При оценке значимости конфессиональной политики во второй половине XIX века надо учесть и то, что российская бюрократия разделяла с европейскими политическими элитами современные, испытавшие влияние Просвещения формы ксенофобии. Одной из них было представление о том, что политические и социальные атрибуты религии (больше, чем ее духовная суть) оправдывают отчуждение, «очужачивание» населения, исповедующего эту религию. В рамках нашей темы это в особенности касается мероприятий по «еврейскому вопросу». В странах Западной и Центральной Европы начиная с конца XVIII века, по словам Шуламит Волков, «иудаизм заменил евреев как прокламируемый объект враждебности. …Иудаизм воспринимался как изношенный и архаичный, как религия древнего варварского закона, анафема для просвещенных людей» [7] . Иными словами, такая перефокусировка внимания придавала прежней враждебности новую легитимность и видимость санкции позитивного знания. Несмотря на принципиальное отличие Франции или ряда германских государств от России в темпах предоставления евреям гражданских прав (а именно гражданское полноправие евреев вынуждало европейских юдофобов обновлять стратегию отчуждения), объективация иудаизма давала себя знать и здесь. Стереотипизирующие рассуждения об иудаизме накладывались на бюрократическую рутину надзора за соблюдением евреями своего закона, признанного одним из «терпимых» вероисповеданий в Российской империи.
7
Volkov Sh. Germans, Jews, and Antisemites: Trials in Emancipation. Cambridge: Cambridge University Press, 2006. P. 83–84.
Данное исследование не претендует на построение новой теоретической модели изучения Российской империи, однако несвойственна ему и методологическая беззаботность: автор мыслит продукт своего творчества в русле сложившейся или, с чьей-то точки зрения, только еще складывающейся традиции, объединяющей вокруг себя интернациональную по составу группу историков [8] . Книга опирается на представление о Российской империи второй половины XIX века, которое не так легко выразить в дефиниции с пронумерованными «признаками», но которое можно попытаться обрисовать как динамичный образ. Это – территориально огромное государство, исключительно пестрое по своему этническому, конфессиональному и социальному составу; применяющее разные – от потрясающе архаичных до дерзко экспериментаторских – институты и процедуры для управления удаленными от центра регионами; легитимирующее себя через символику и риторику силы, завоевания, покорения; зачастую прибегающее и на практике к насилию и принуждению во взаимоотношениях с подданными. В то же время (и эта оговорка очень важна) имперская власть работает в режиме постоянного приспособления к новым ситуациям, перенастройки своего взаимодействия с местными сообществами и поиска возможностей для согласования их интересов с собственными приоритетами. Иными словами, речь идет о сложности и подвижности имперского управления многообразием.
8
Эвристичный и информативный обзор новейших подходов к изучению Российской империи (ограниченный, правда, только работами русистов Северной Америки) см. в статье Н. Брейфогла, в целом посвященной осмыслению континуума российско-советской имперскости: Breyfogle N. Enduring Imperium: Russia/Soviet Union/Eurasia as Multiethnic, Multiconfessional Space // Ab Imperio. 2008. № 1. P. 75–129.

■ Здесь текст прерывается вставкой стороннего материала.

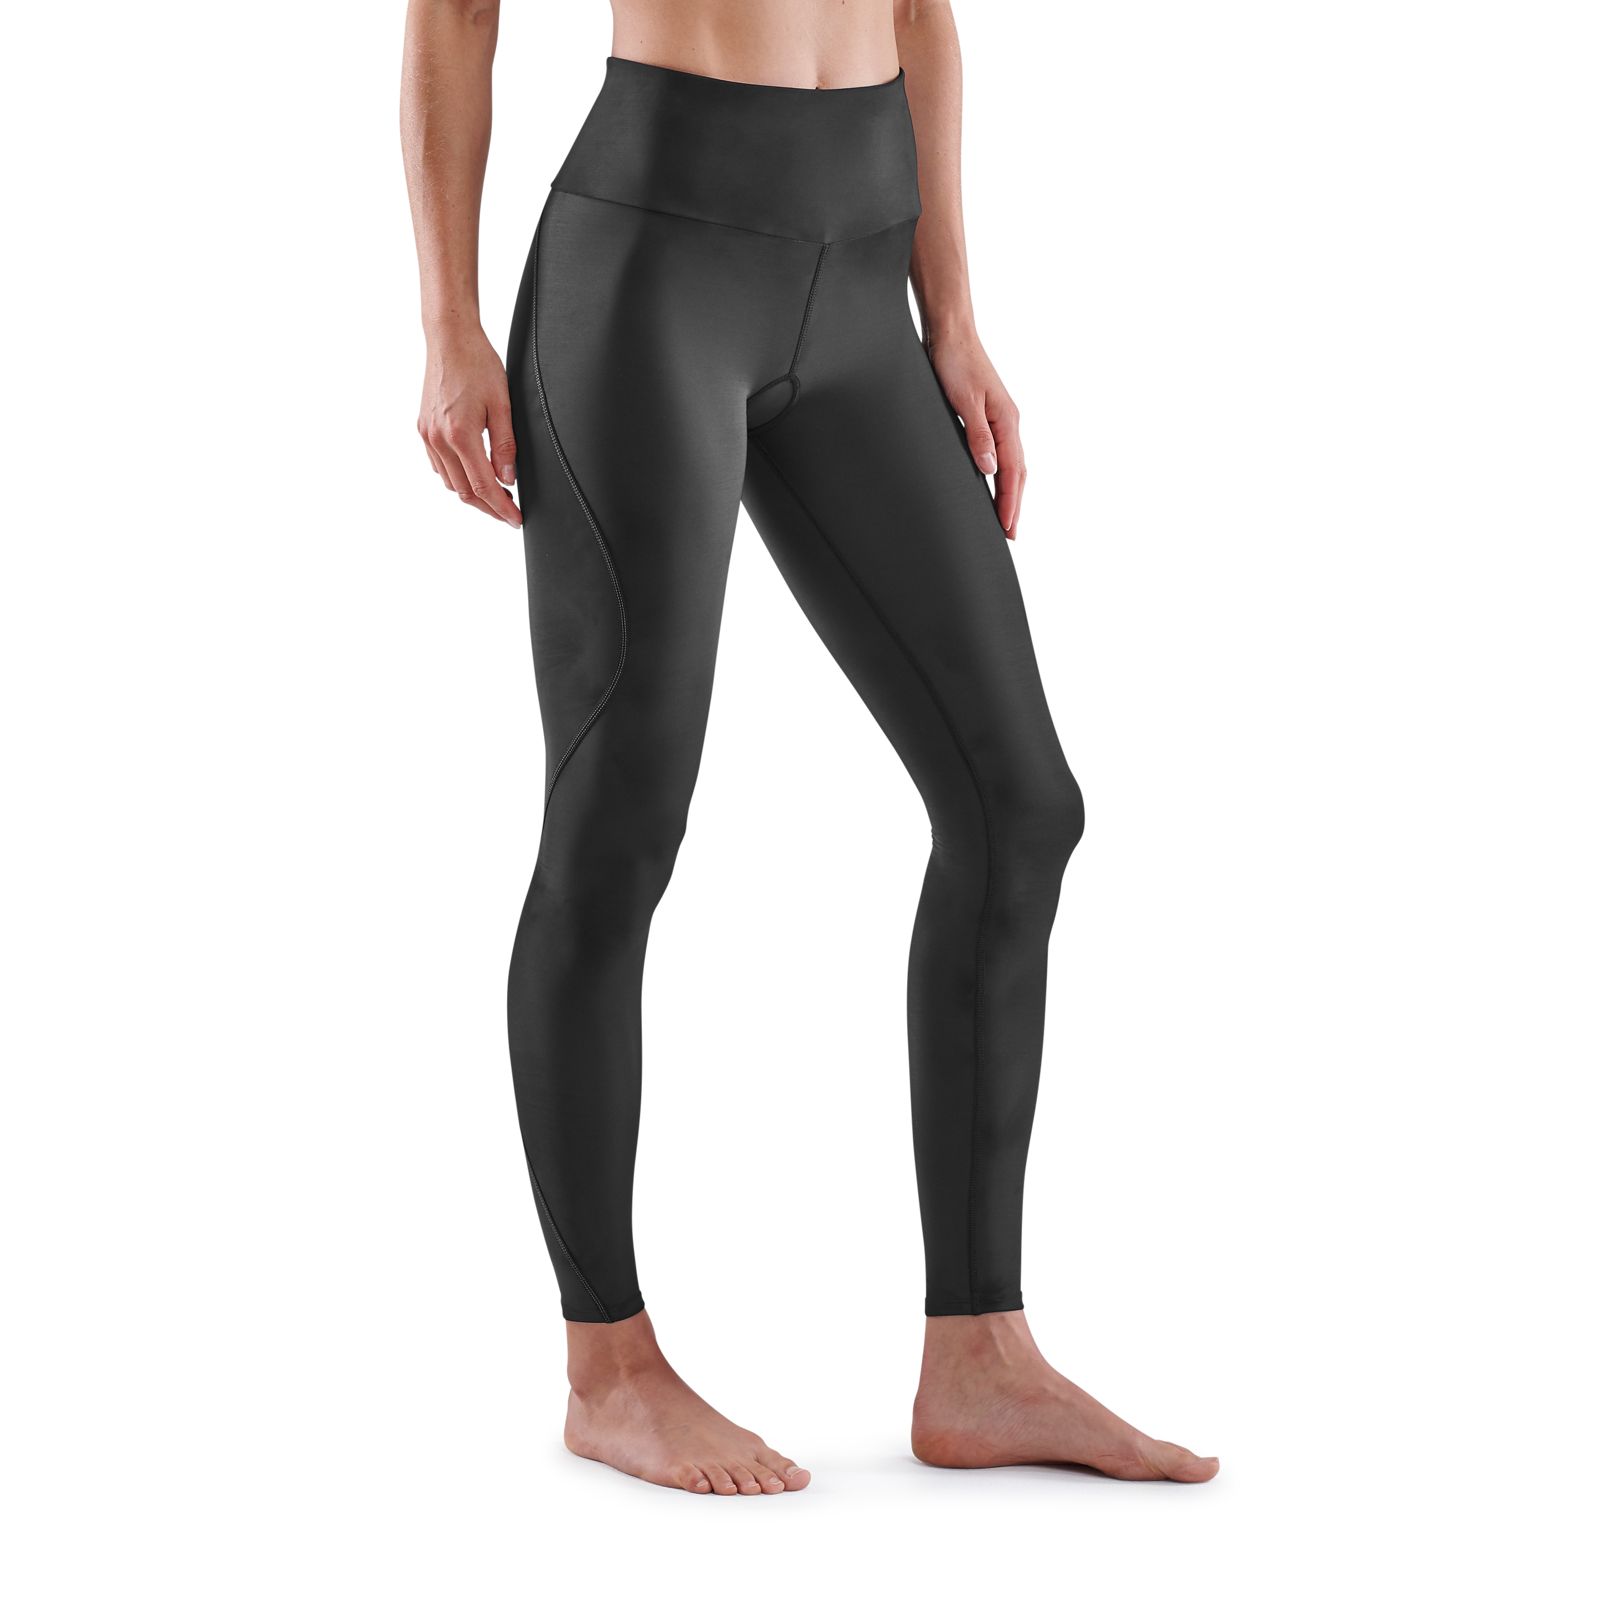 SKINS DNAmic Elite Recovery Womens Long Tights Black - SKINS

В Российской империи эпохи Александра II меня более всего интересует то ее качество или состояние, которое сегодня все больше историков называют вхождением в модерность. Под этим подразумевается не только модернизация социальных структур, правовой системы, управленческих и судебных институтов. На те же Великие реформы можно взглянуть не как на череду конкретных законодательных и административных мероприятий, а как на испытание преобразовательного потенциала государства в более широком, экзистенциальном для империи смысле. Крестьянская, судебная, земская и прочие реформы 1860–1870-х годов, несмотря на отсутствие объединяющей их четкой правительственной программы, перекрывались не всегда формулировавшейся, но от этого не менее настоятельной для имперской бюрократии сверхзадачей: сделать власть и население взаимно более чувствительными, сказать попросту – более заметными, зримыми друг для друга. В процессе подготовки и проведения реформ обновлялись глубинные представления о самих функциях государства, о радиусе – географическом, социальном, культурном – его управленческого влияния, об интенсивности коммуникации и плотности контакта между агентами власти и подданными, об использовании научного знания для идентификации и категоризации населения. Конечно, люди в бюрократии и в образованном обществе расходились в воззрениях на желательную меру присутствия государства в жизни подданных, но тем не менее весьма распространенным было мнение о необходимости соразмерить масштаб и цену этого присутствия с его рациональными целями.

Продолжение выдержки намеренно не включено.